From your perspective you seem to have to see it that way, because frankly that is the only context you have to look at it from. It's what it would be for you. It's a projection. And
I do not mean that as an insult to you, but as a simple recognition of how our minds work.
What is relevant is when I do answer your question in good faith, and your response is something like I'm an egotist looking for groupies, that is relevant. That is saying you aren't actually interested in understanding my response. That is disappointing intellectually to me, to say the very least.
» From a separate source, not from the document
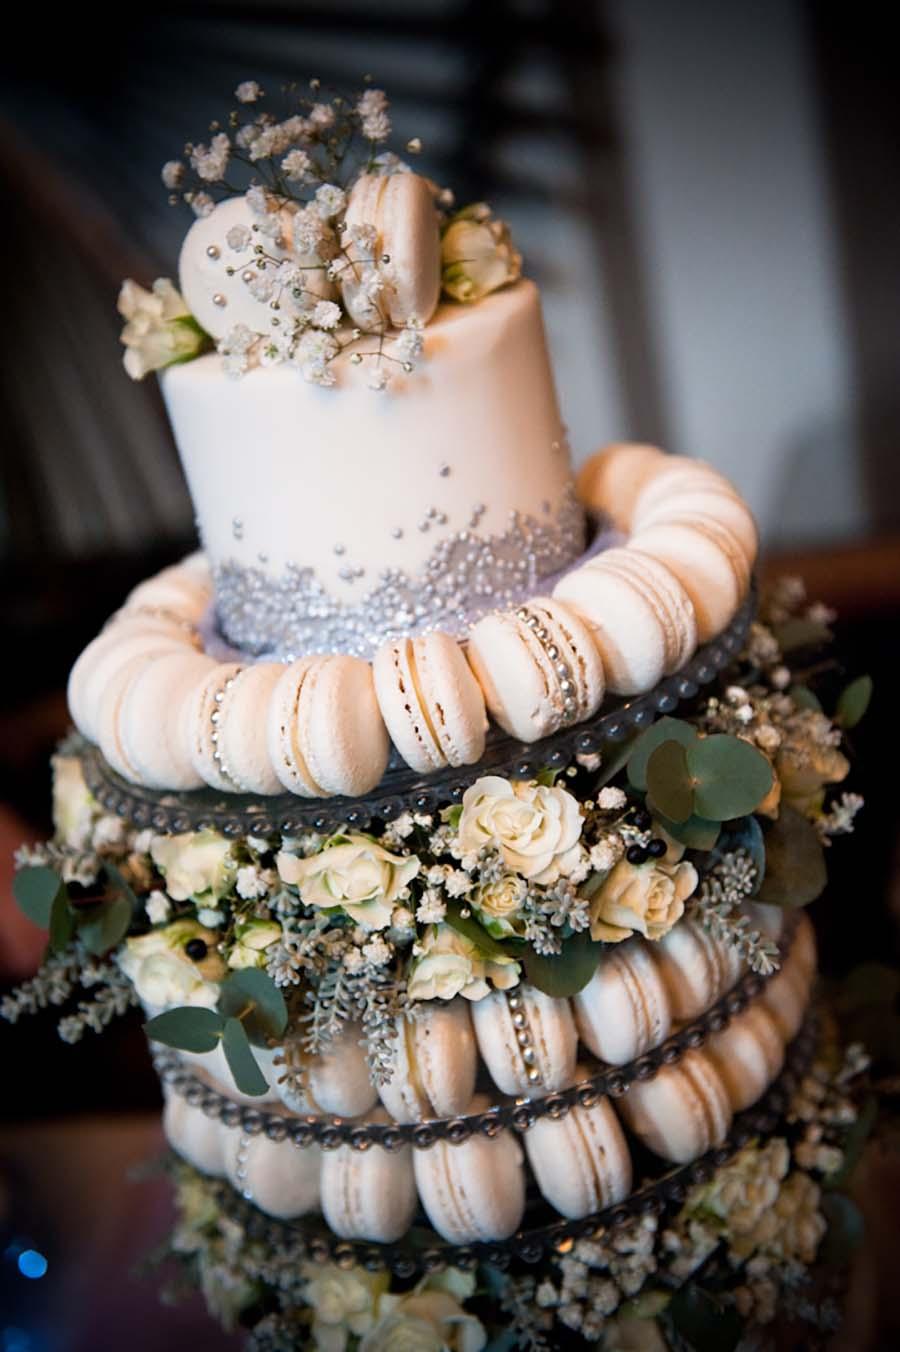 Buckinghams-at-belvoir-castle-wedding-fair-rachael-connerton-photography-65

Can you understand how you sound to me?
So the question I have of you is can you respond to me, and others, without the rhetorical, insulting insinuations that we are "egotists seeking groupies" and other undeserved and unbecoming nonsense in these discussions? That is my only criteria here. That you show me personal respect. If you fail once more in this, then you'll be written off permanently, and you will bear full responsibility for that.
It very much does. Yes. It details how the mind takes in information and process it. Do you have any basis to dispute otherwise? Can you share that? I'm always interested in other researchers points of view of these matters.
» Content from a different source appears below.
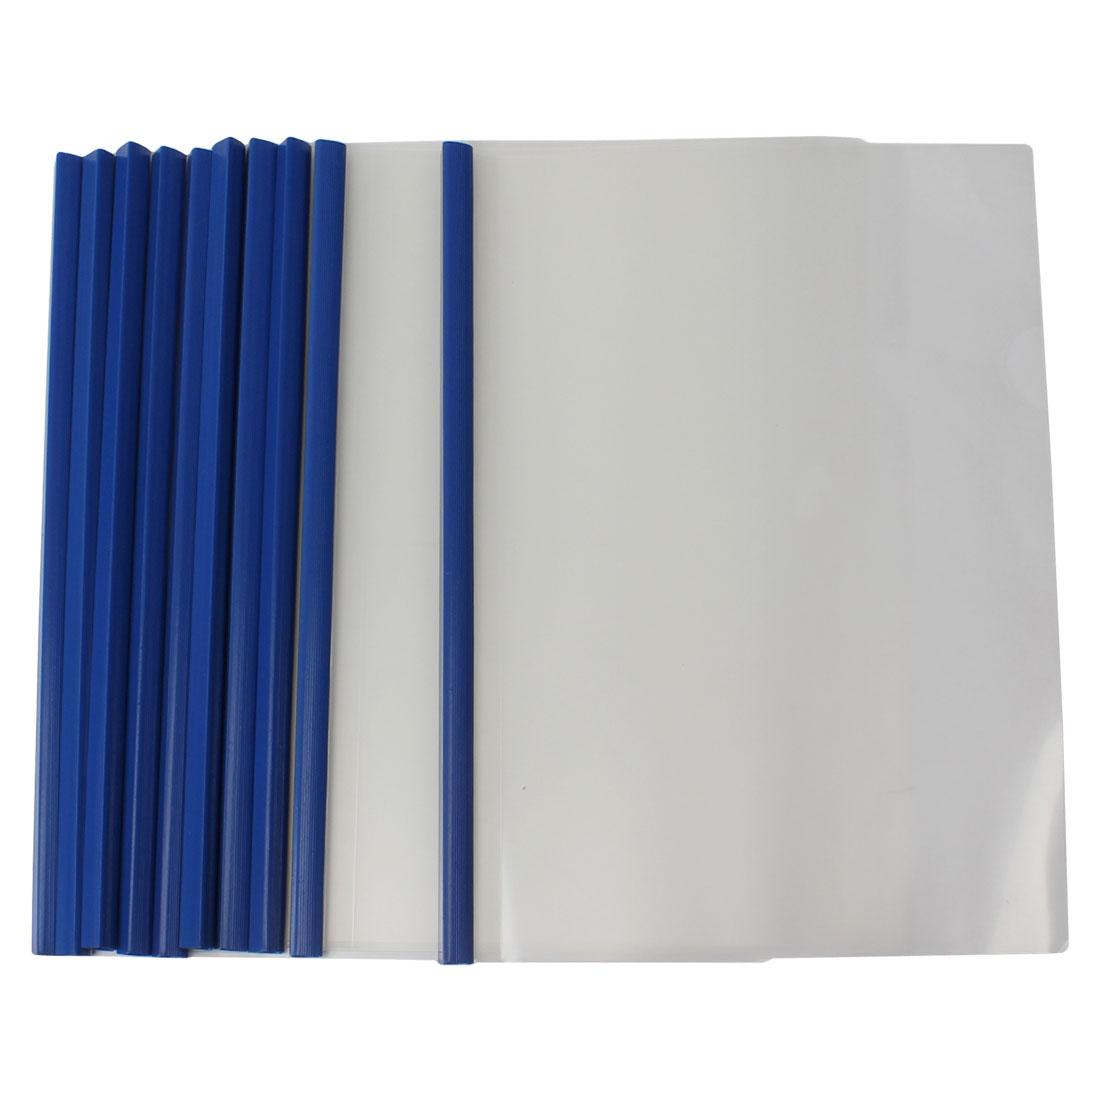 10 Pieces Plastic Clear Sliding Blue Bar File Folder for A4 Paper Report

I think it is hard for us to think in terms like this because it goes against our habituated ways of thinking about things. No, it's not easy to see the eyes that are seeing. That's the point. And 'biased beliefs"? Nonsense. Has nothing to do with this. Is it really necessary to inject that sort of "you're fat and ugly too," type responses into these discussions?
They are challenges to our normal assumptions about reality. So yes, they do require some deeper considerations. I've spent years doing just that, rather than being quick to dismiss them out of hand because they sound so "foreign" to may "normal" ways of thinking about things. It does require effort. No doubt about that.
Ah, but the simplicity is there. The complexity is only there because it takes assumptions of reality we have not examined, and breaks them apart for examination. It's only complex, because the mind has it's hooks into our views of reality and it becomes necessary to pry loose those fingers which are tightly gripping it, in order to go deeper into understanding with one's whole being.
It is complex to examine the mind and its habits. But once you realize all of that is an illusion, then all this becomes quite simple. The entire universe can be understood in a single drop of rain. It moves beyond intellectualizing all of this, into the simple state of being, which is the mystical realization.